Problem imagining how does a black hole merger look like from far away Suppose we have two black holes moving on a path of direct frontal collision. Is it correct that from far away, due to time dilation, we can never "detect" that the two black holes merging or colliding? Would we perceive the relative motion of the two black holes slow down before the two event horizons touch? if that is the case:
question: Will a planet orbiting the system
from far away feel a uniform distribution of mass located at the center or that of two blobs next to each other? 
 A: 
Is it correct that from far away, due to time dilation, we can never see the two black holes merging or colliding? 

Correct. By definition you never see a horizon unless you cross it.

Would we perceive the relative motion of the two black holes slow down before the two event horizons touch? 

Yes

will a planet orbiting the system from far away feel a uniform distribution of mass located at the center or that of two blobs next to each other?

It will feel more and more like that as time goes on. Of course, that isn't becsuse you feel mass that is far away. It is because the spacetime out near you evolves to be more an more like that. More and more like the kind of curvature that in the Newtonian weak field limit looks more and more like the effect of a large uniform distribution of mass.

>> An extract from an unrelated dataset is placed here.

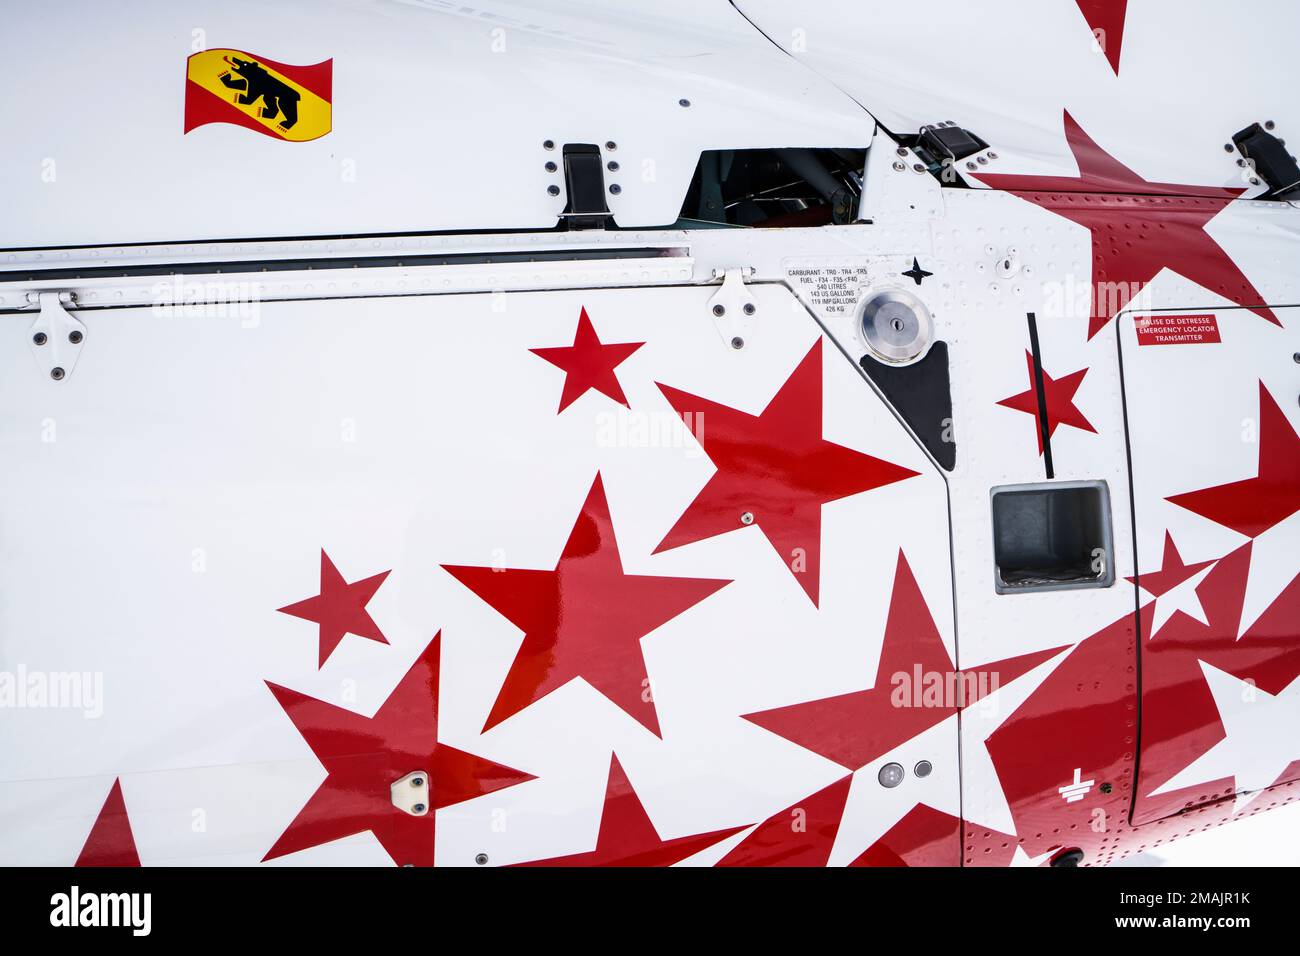 Hélicoptère suisse, vue latérale rapprochée avec étoiles rouges et blanches sur le châssis. Entrée de carburant, marchepied sur le châssis. Grindelwald, Suisse Banque D'Images

It is confusing to me how you will perceive (based on electromagnetic radiation of increasing wavelength) that the two holes freeze before merging, and at the same time have a gravitational signature that looks like they fused

The gravitational signature never looks like they fused. In fact unless those black holes have been around forever we can still see the infalling material that made each of them. And in fact the infalling matter on the north side of one and the south side of the other one could decide at any moment to lose their courage and take off. And then the matter next to that could take off. And so on. The definition of the horizon is the events where they waited too long. We never see that by definition. So everything we see is events prior to that. So we see events prior to the too late.
So we always see matter where it isn't too late. So everything we see could come back out at us. Maybe it has to wait to get really symmetrically distributed before they can collectively push off and not leave things behind.Everything you see that looks similar to a black hole could still rip itself apart before it actually forms.
So it most definitely doesn't ever look fully fused. It just looks closer to merged. The electromagnetic appearance is a consequence of the time dilation, it doesn't cause it. In fact the black hole appears less massive over time as the light comes away from it.
Again, you can feel it from the curvature outside, you don't have to look electromagnetically. You could send neutral particles to orbit it in different planes and note the period to circumference and notice the ratio settles down in a way that doesn't depend on the plane you select.
A: Luckily black holes emit Hawking radiation, so in some sense we can see them.
So first there are two glowing balls approaching each other, after some time there will be one glowing ball that is twice as large as one of the initial glowing balls. (I'm considering black holes of same size)
And during the collision the balls distort to other shapes and shake violently emitting gravity waves.
All that happens quite fast when observed from far away. From closer observation point it happens even faster.  
Just so that things don't become too absurd, all kinds of measuring instruments, like eyes and gravimeters, should agree what is happening during the merging.